Director’s PotlatchDeltic shares were converted into Rayonier stock and cash as part of a completed merger, not sold on the open market.

Director Mark D. Leland reported a disposition of 31,114.117 PotlatchDeltic common shares coded "D" on January 30, 2026. The price per share is shown as $0.00, indicating this reflects a structural change rather than a voluntary trade.

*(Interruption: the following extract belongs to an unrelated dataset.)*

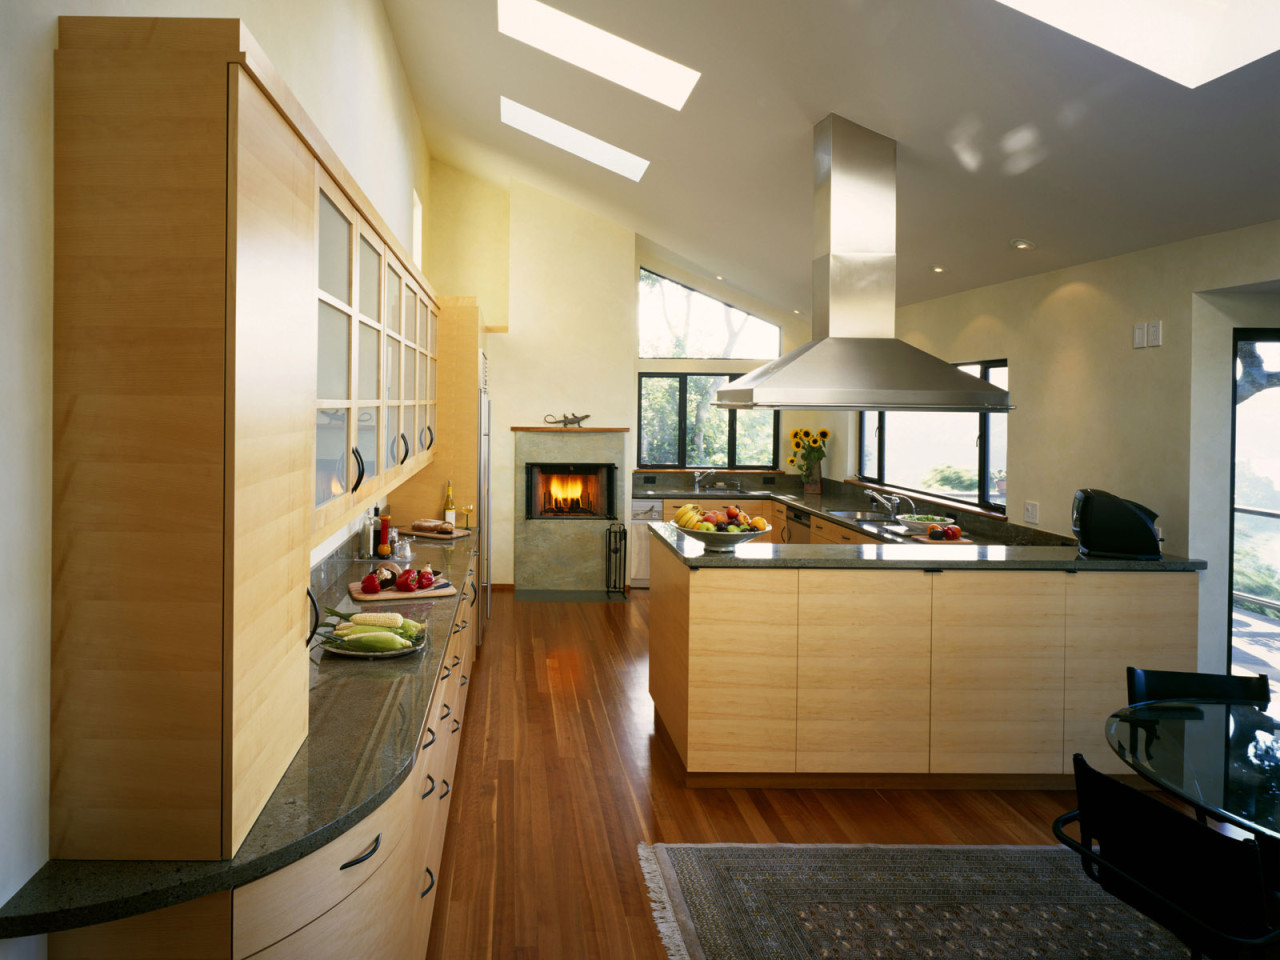 Бежево-серый кухонный гарнитур в стиле модерн

The filing explains that PotlatchDeltic merged into a Rayonier subsidiary under an October 13, 2025 Merger Agreement. At the effective time, each PotlatchDeltic share became the right to receive 1.8185 Rayonier common shares plus $0.61 in cash, with additional fractional share consideration. Outstanding restricted stock units similarly converted into Rayonier RSU awards based on an exchange ratio and remain governed by the pre‑existing equity plan terms.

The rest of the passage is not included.